Task to complete →
Every line below must come back exactly as it stands, with the images omitted.

Data →

[Start of section]

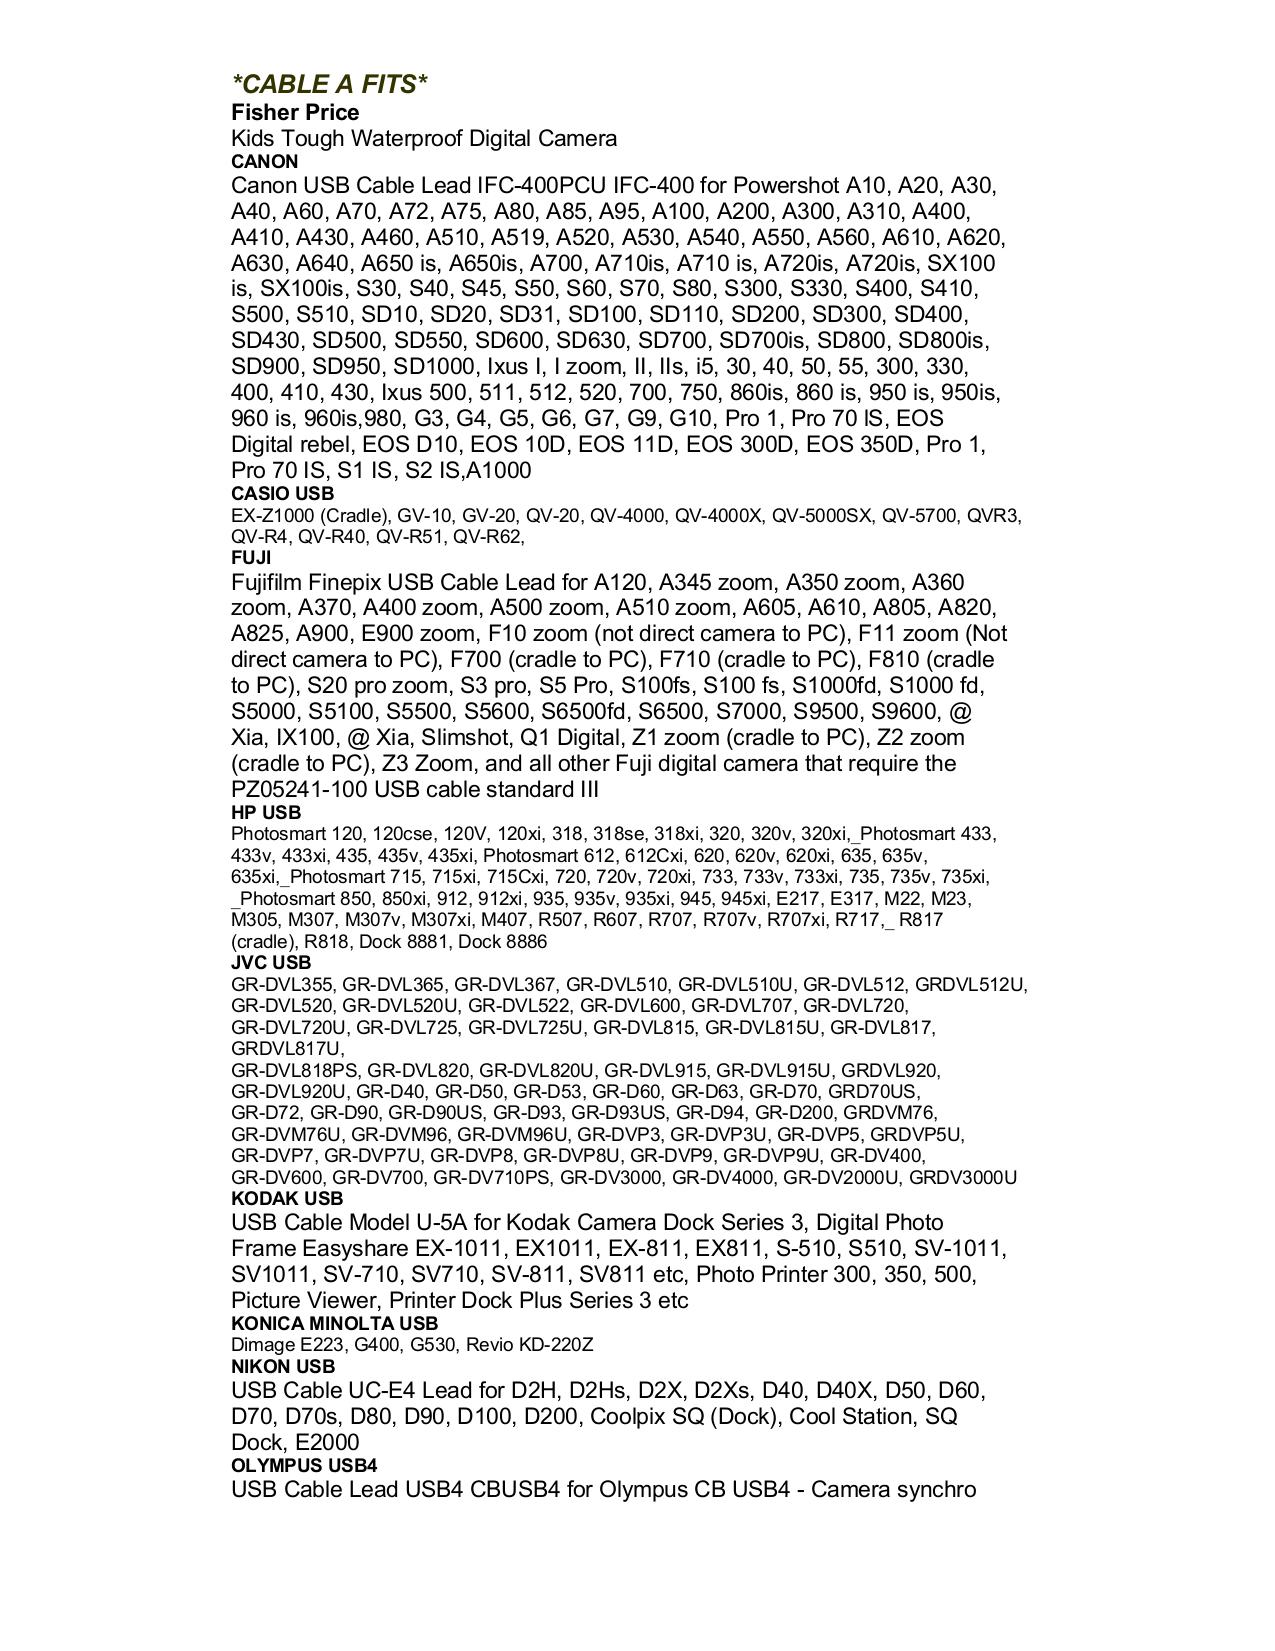 pdf for Vivitar Digital Camera Vivicam 3765 manual
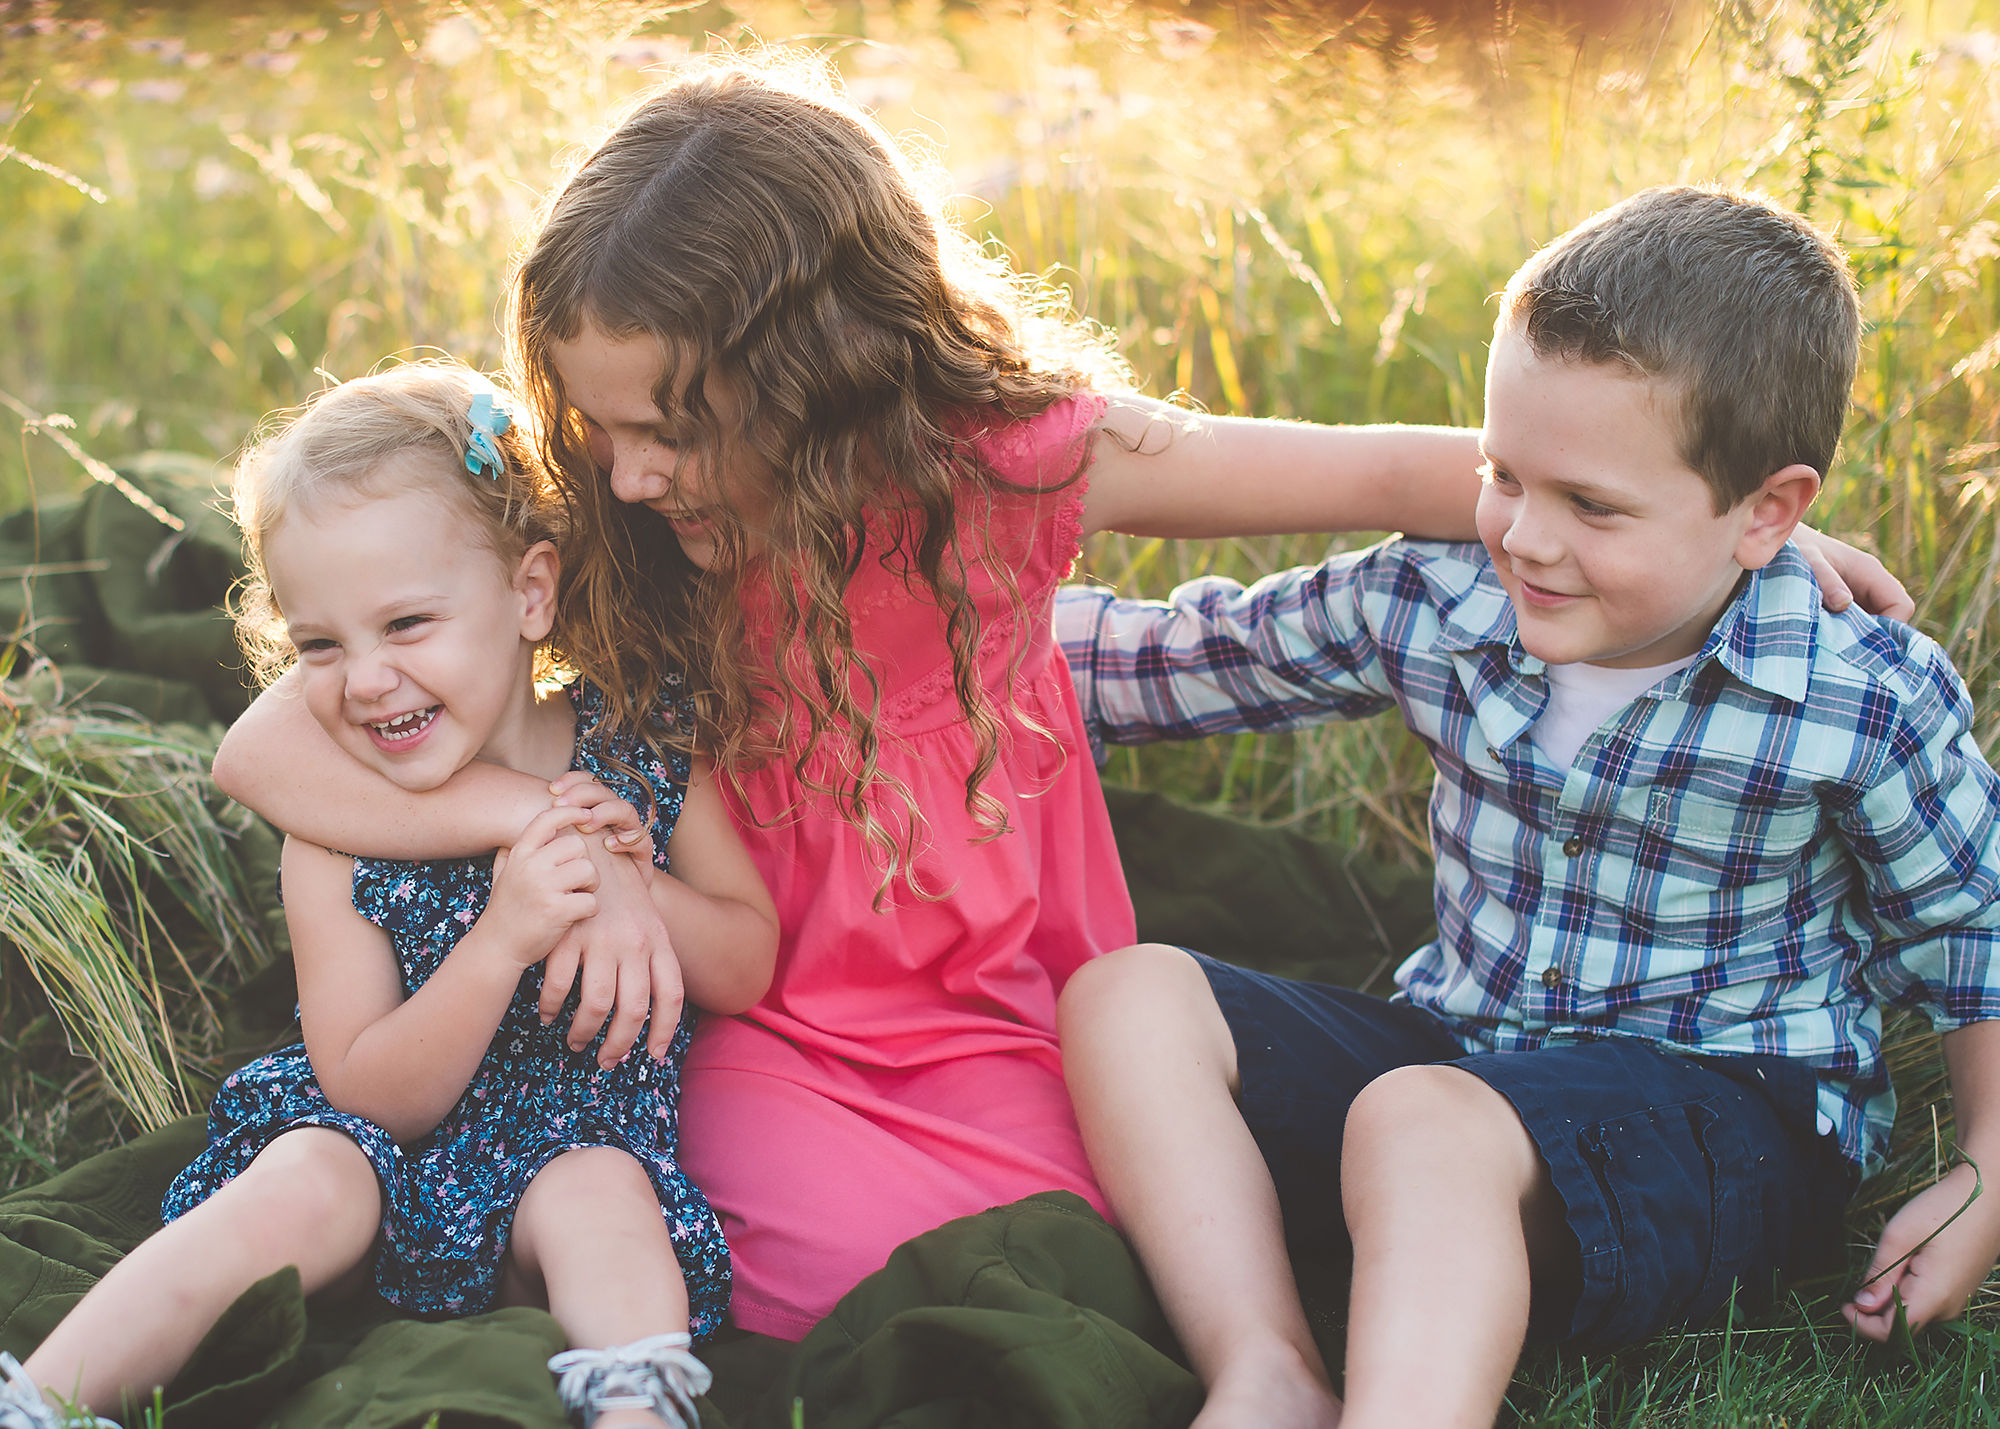 Hinsdale Photography, Hinsdale photographer, hinsdale mini sessions, oak brook mini sessions, family mini sessions, spring mini sessions, summer mini sessions, fall mini sessions_044.jpg
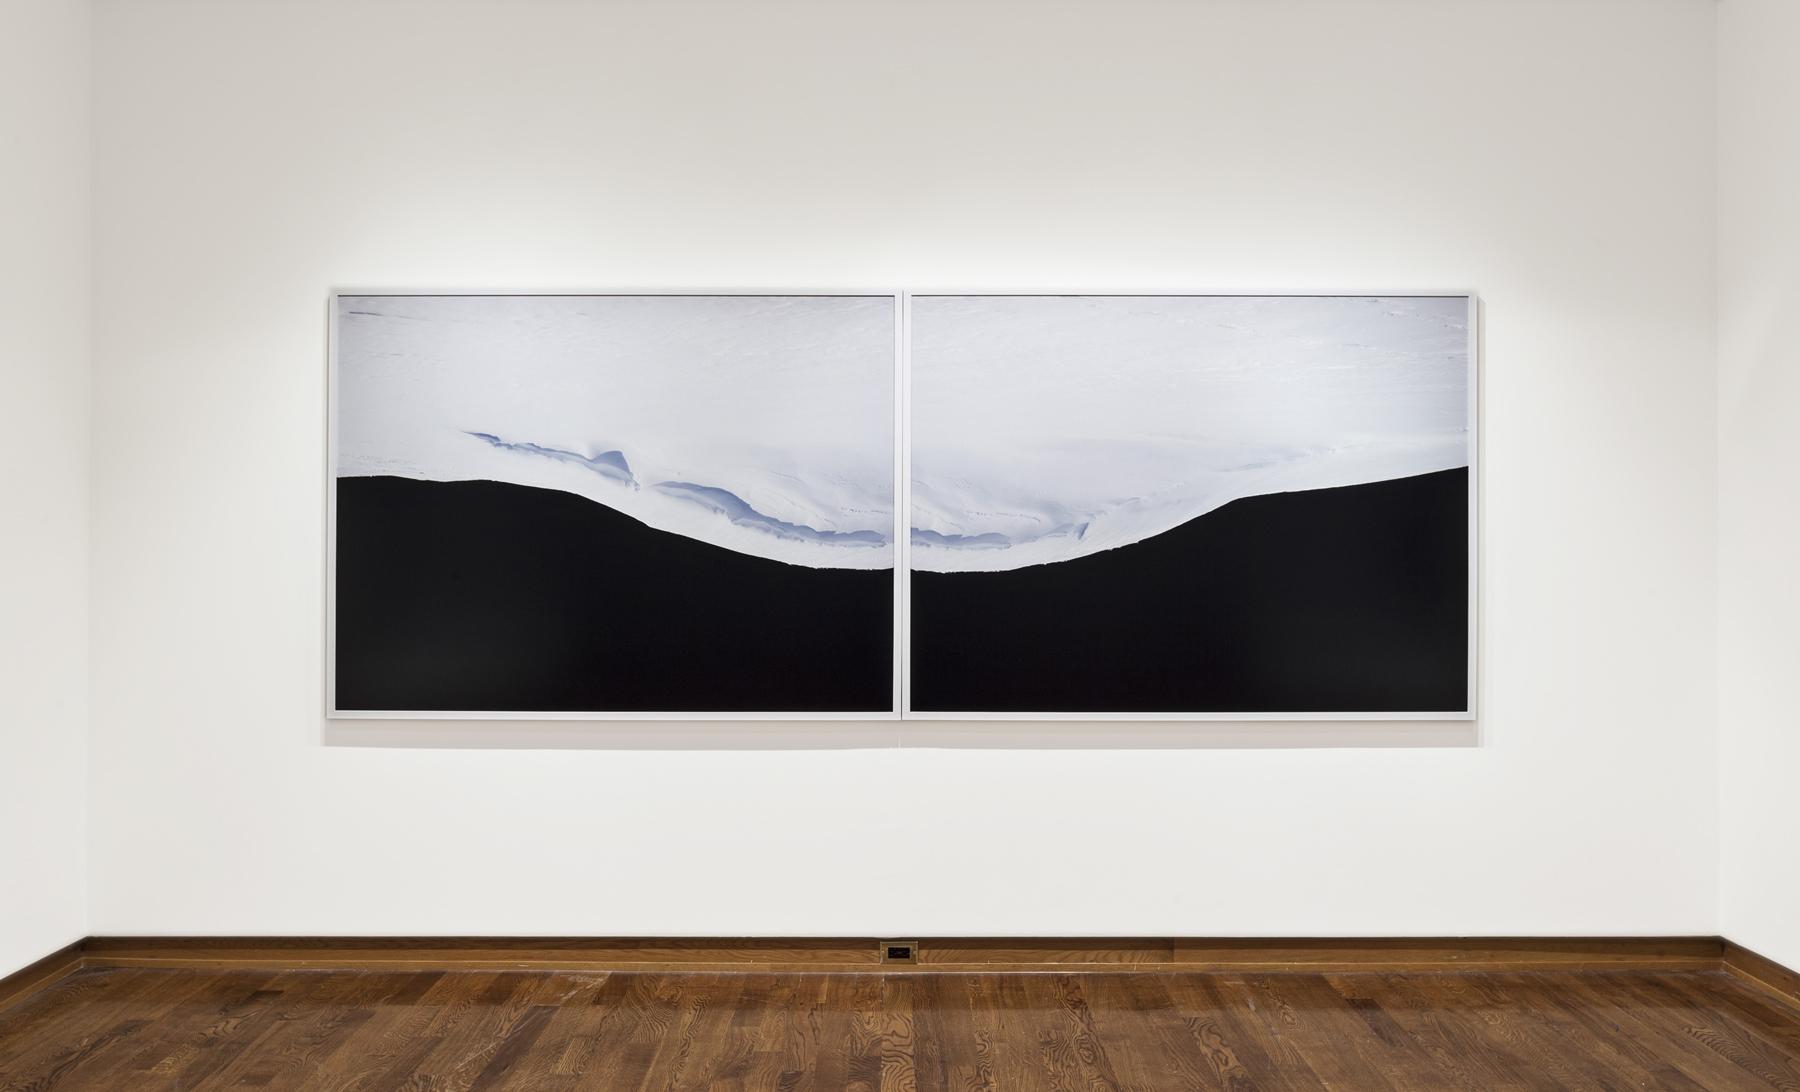 After Kurelek, (Diptych) 2013, 2 Digital Chromogenic Prints. Overall dimensions 50 x 134 inches. Photo credit: Toni Hafkenscheid.

[End of section]

Response box →
 pdf for Vivitar Digital Camera Vivicam 3765 manual
 Hinsdale Photography, Hinsdale photographer, hinsdale mini sessions, oak brook mini sessions, family mini sessions, spring mini sessions, summer mini sessions, fall mini sessions_044.jpg
 After Kurelek, (Diptych) 2013, 2 Digital Chromogenic Prints. Overall dimensions 50 x 134 inches. Photo credit: Toni Hafkenscheid.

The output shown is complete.